| International Journal of Computer Applications |
| Foundation of Computer Science (FCS), NY, USA |
| Volume 187 - Number 47 |
| Year of Publication: 2025 |
| Authors: Dimitrios Papakyriakou, Ioannis S. Barbounakis |
10.5120/ijca2025925785
|
Dimitrios Papakyriakou, Ioannis S. Barbounakis . Deep Learning for Edge AI: SqueezeNet CNN Training on Distributed ARM-based Clusters. International Journal of Computer Applications. 187, 47 ( Oct 2025), 6-17. DOI=10.5120/ijca2025925785
The increasing demand for lightweight and energy-efficient deep learning models at the edge has fueled interest in training convolutional neural networks (CNNs) directly on ARM-based CPU clusters. This study examines the feasibility and performance constraints of distributed training for the compact SqueezeNet v1.1 architecture, implemented using an MPI-based parallel framework on a Beowulf cluster composed of Raspberry Pi devices. Experimental evaluation across up to 24 Raspberry Pi nodes (48 MPI processes) reveals a sharp trade-off between training acceleration and model generalization.

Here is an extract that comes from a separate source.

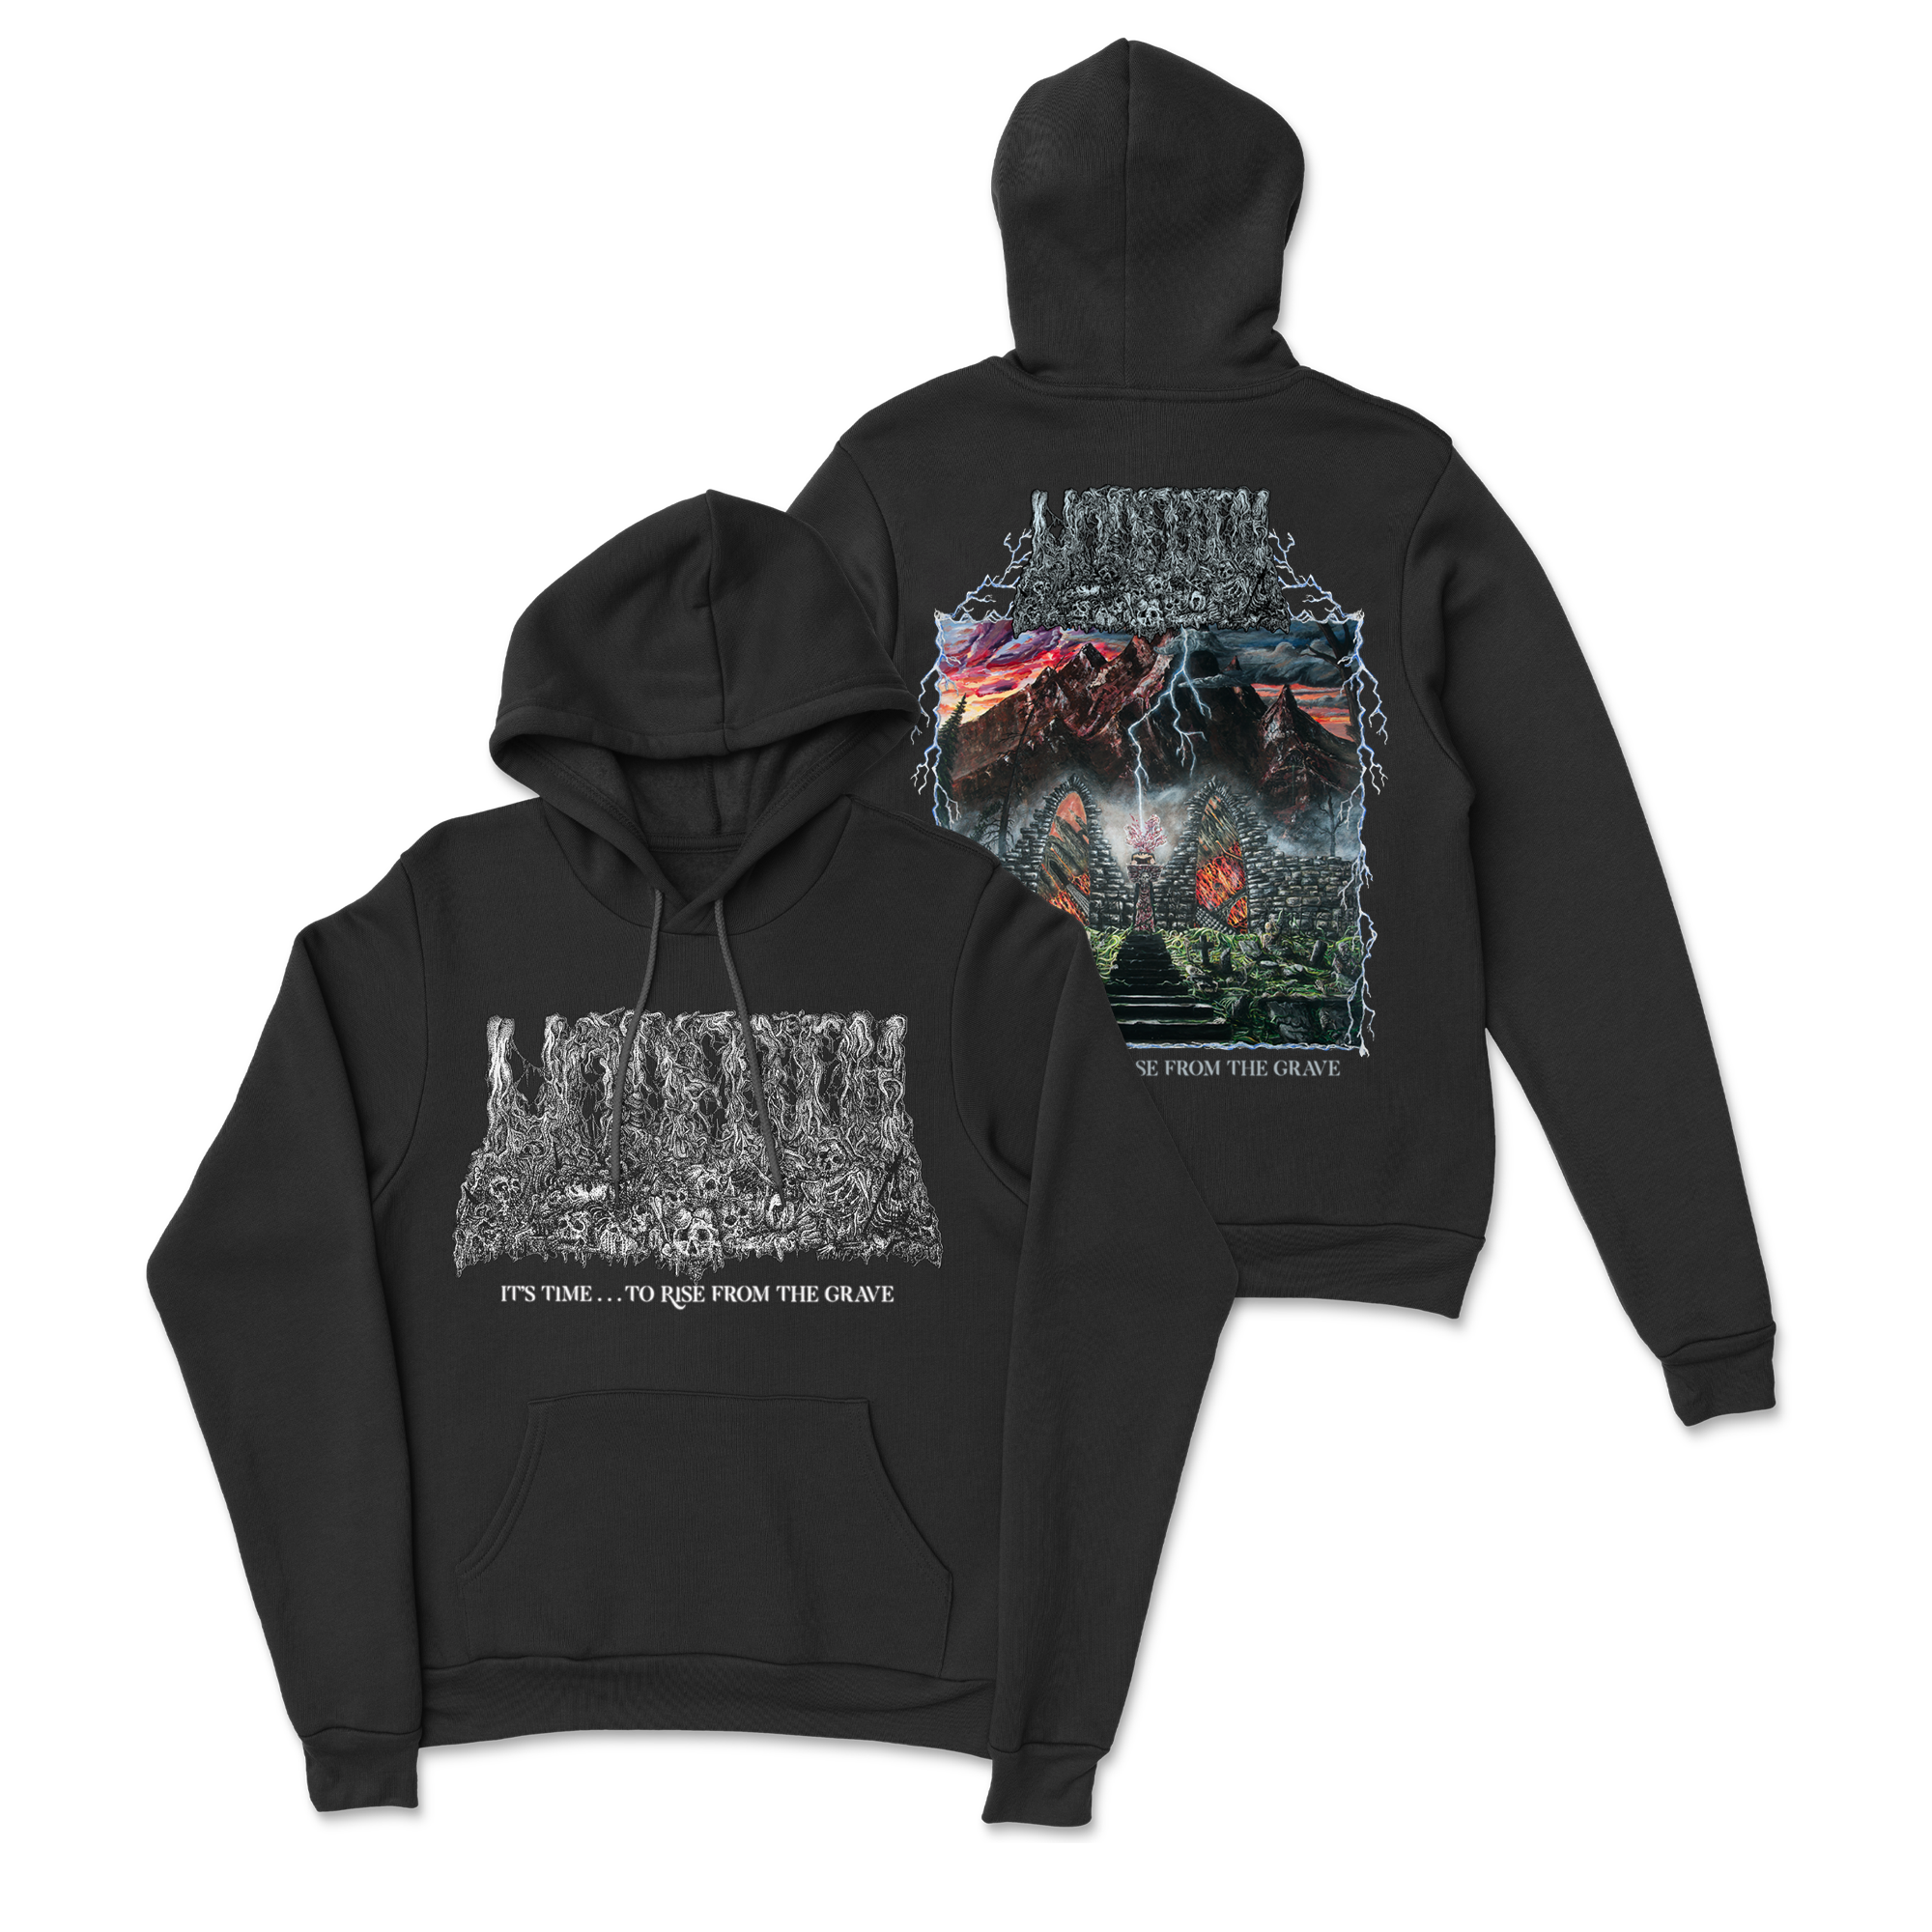 It's Time...To Rise From the Grave Hoodie
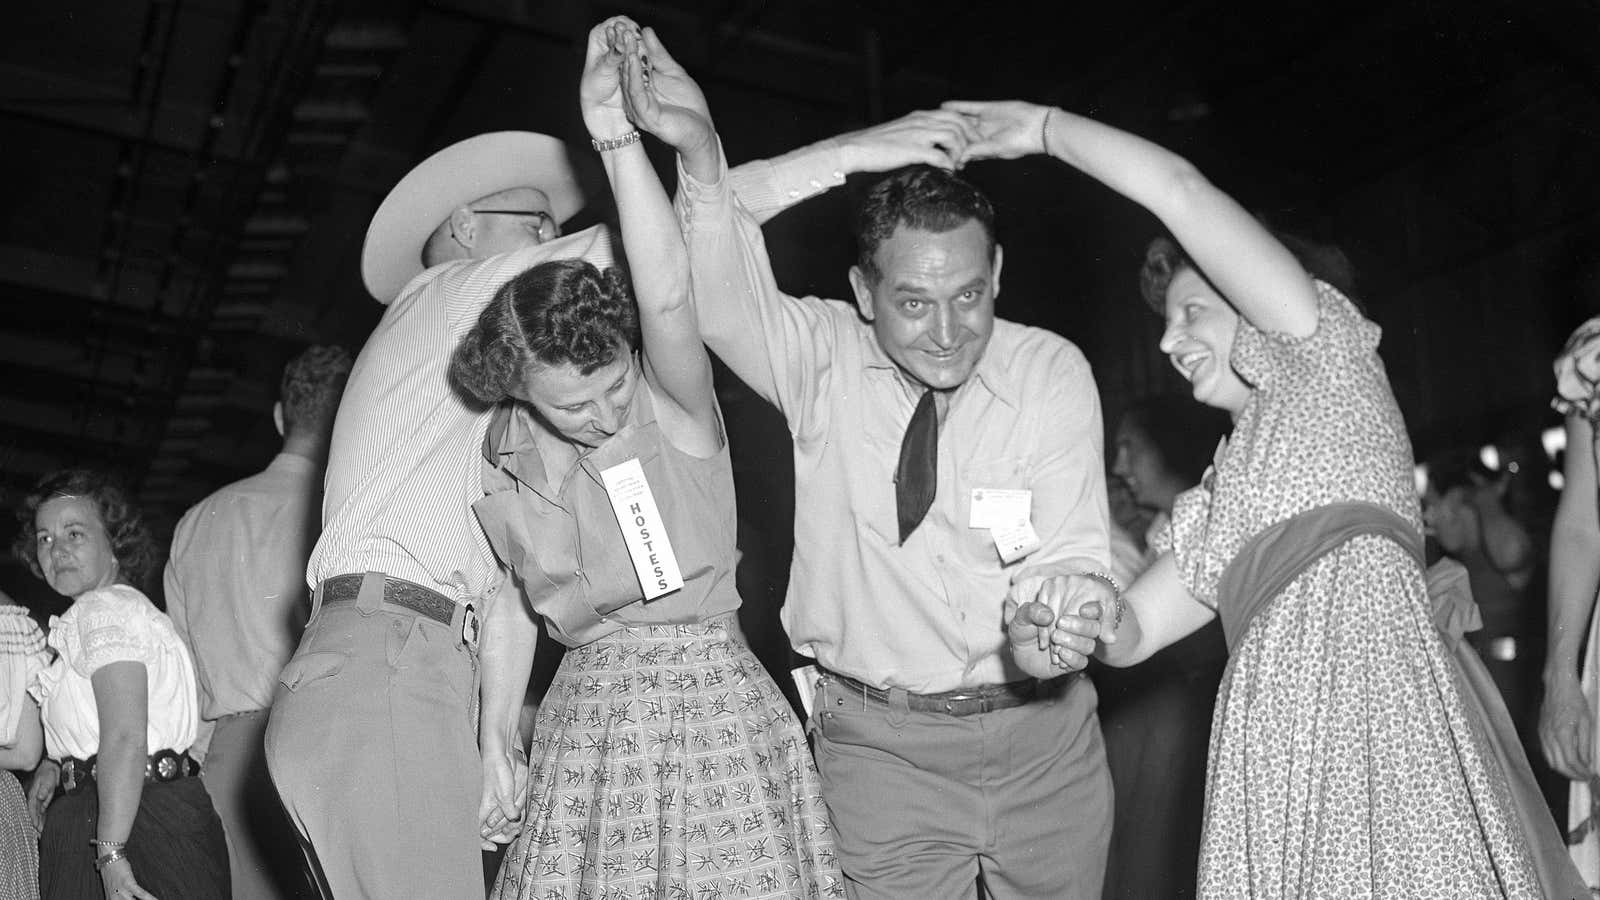 Americas wholesome square dancing tradition is a tool of white supremacy

While wall-clock training time improves by over (11×) under increased parallelism, test accuracy deteriorates significantly, collapsing to chance-level performance (≈10%) as data partitions per process become excessively small. This behavior highlights a statistical scaling limit, beyond which computational gains are offset by learning inefficiency. The findings are consistent with the statistical bottlenecks identified by Shallue et al. (2019) [11], extending their observations from large-scale GPU/CPU systems to energy-constrained ARM-based edge clusters. These findings underscore the importance of balanced task decomposition in CPU-bound environments and contribute new insights into the complex interplay between model compactness, data sparsity, and parallel training efficiency in edge-AI systems. This framework also provides a viable low-power platform for real-time SNN research on edge devices.